Хокинс начал громогласно жаловаться на автобусы и грозу, но в конце концов ему пришлось признаться, что, когда проходил по улице Речников, он слышал, как часы пробили двенадцать.
— И вы вошли в театр через служебный вход. Кто вас впустил?
Оказалось, что никто не впускал. У Хокинса был ключ. Захлопнув за собой дверь, он свистнул и крикнул «привет». Довольно громко, как догадался Аллейн, поскольку Джоббинс был на посту на балконе, а Хокинс хотел дать ему знать о своем приходе, подозревая, что Джоббинс сыт по горло его опозданиями. Дверь он запер на замок и задвижку. Хокинс рассказывал неохотно, то и дело горестно жалуясь на судьбу. Постепенно он разгорячился и заявил, что случившееся наверняка самым ужасным образом скажется на всей его дальнейшей жизни. Аллейн слушал с неизменным сочувствием и интересом, подбадривая лестными замечаниями. Хокинс смотрел на суперинтенданта полными слез глазами. Он подошел к самой ужасной части своего повествования. В бутафорской было темно, поэтому он включил фонарик и прошел в зал. Там он сразу заметил тусклый свет в бельэтаже и увидел, к своему большому изумлению, Генри Джоббинса в новом ярком пальто, сидевшего в первом ряду бельэтажа.

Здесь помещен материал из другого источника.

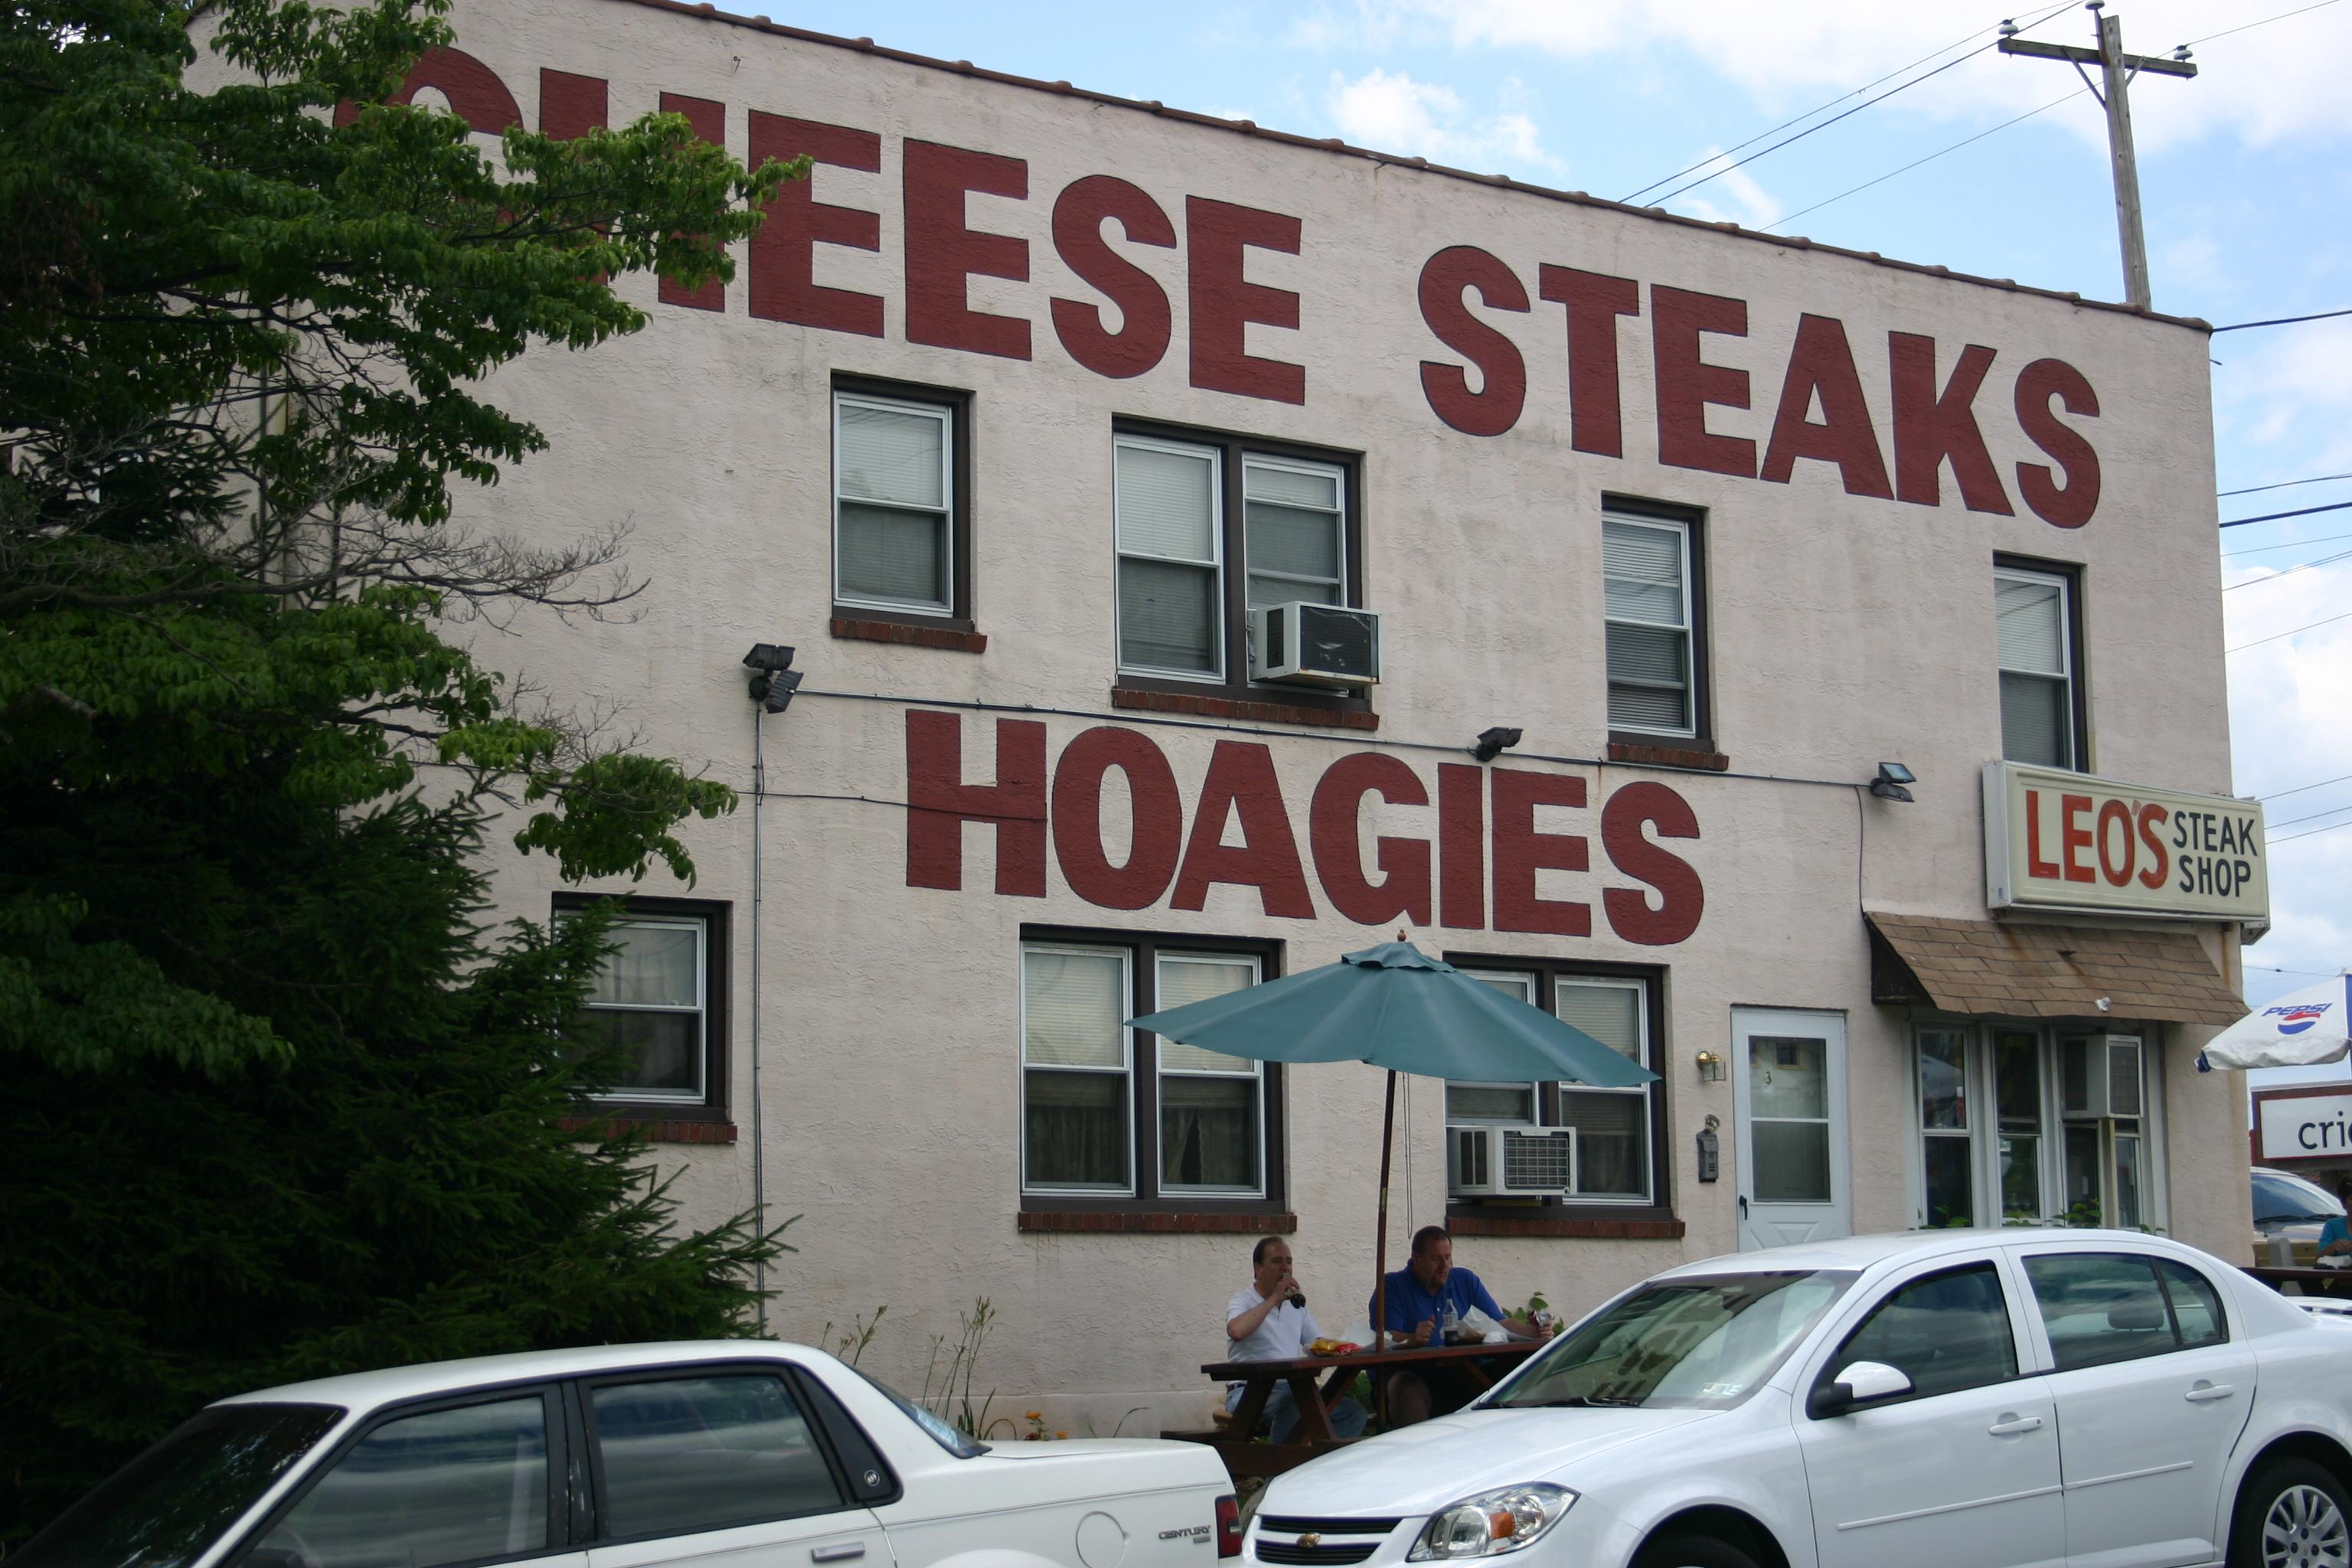 Var finns den bästa Cheesesteaken?

— Вы нам об этом ничего не говорили! — воскликнул Гибсон.
— А вы не спрашивали.
Фокс и Гибсон тихо выругались.
— Продолжайте, — попросил Аллейн.
— Я сказал: «Это ты, Ген?» — а он ответил: «А кто же еще?» Тогда я извинился за опоздание и предложил выпить чаю, он согласился. Я пошел в бутафорскую и заварил чай.
— Сколько времени у вас на это ушло?
— Там стоит старый электрический чайник. Он медленно нагревается.